Summary: This is a technical deep-dive into a specific networking problem that matters a lot if you are running GPU clusters at scale. Leaf-spine is the dominant topology for modern data center networks because it provides predictable bandwidth and low latency. But ECMP — equal-cost multipath routing — can produce poor load balancing when traffic is not uniformly distributed, which is common in AI training workloads where collective operations create synchronized bursts.

The author's proposal is to use BGP, the internet's primary routing protocol, as a signaling layer for congestion information. Rather than each switch making local decisions based on local queue depth, the idea is to propagate congestion signals across the fabric so that path selection can be made with better global information. This is a real engineering problem and the BGP approach is not obvious — BGP is a slow-converging protocol designed for inter-domain routing, not sub-millisecond fabric response. Using it for congestion signaling requires either accepting some latency in signal propagation or extending BGP in ways that change its operational characteristics.

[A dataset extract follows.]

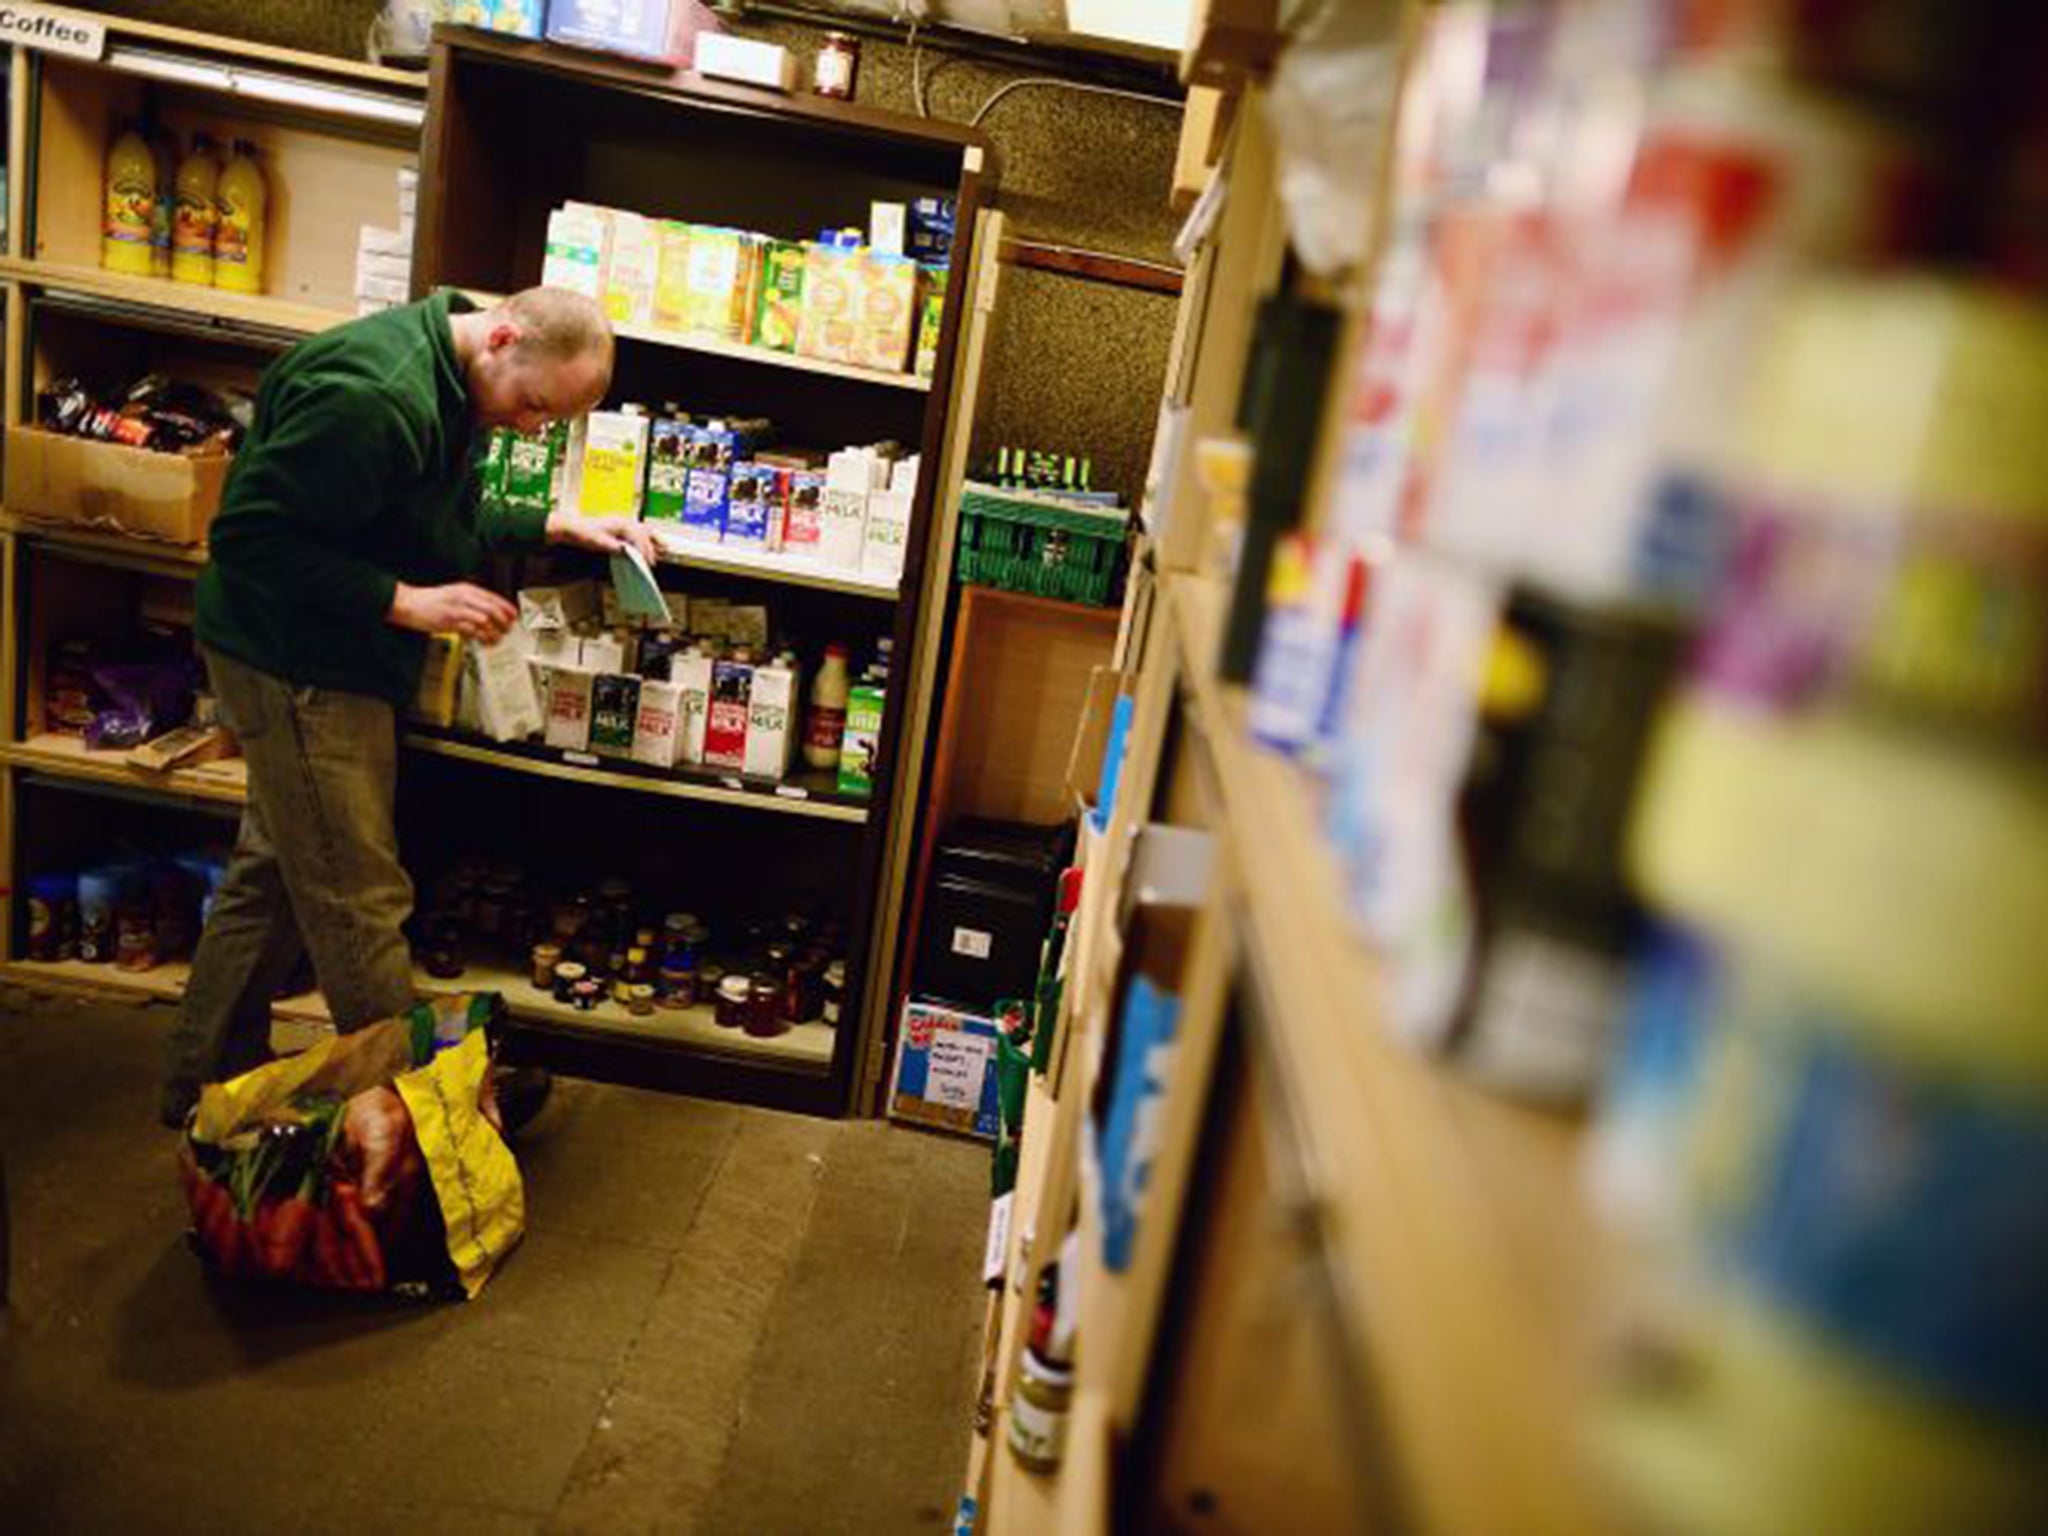 Nearly a million people were helped by food banks in 2013-14

What I want to know more about: how this interacts with existing ECN (Explicit Congestion Notification) mechanisms that operate at the hardware level, and whether the BGP signaling overhead is acceptable in practice compared to alternatives like in-band telemetry. The article mentions FRRouting as the implementation vehicle, which is a solid open-source routing platform, but the practical deployment story for this in a production Clos fabric is not trivial.

Key takeaways:

AI training workloads create synchronized traffic bursts that stress ECMP load balancing in ways that general-purpose web traffic does not
BGP as a congestion signaling plane is an interesting architectural idea but carries inherent tension between protocol convergence speed and real-time fabric responsiveness
FRRouting provides a practical open-source implementation path for experimenting with this approach

Why do I care: Most frontend and full-stack developers do not spend time thinking about leaf-spine fabric design, and honestly that is probably fine. But for anyone building systems that depend on large-scale distributed compute — and increasingly that means anyone integrating AI inference at scale — understanding where the latency comes from is useful. The tail latency problem described here is the same tail latency that shows up in AI API response time distributions. It is not a mystery; it is a consequence of network design choices.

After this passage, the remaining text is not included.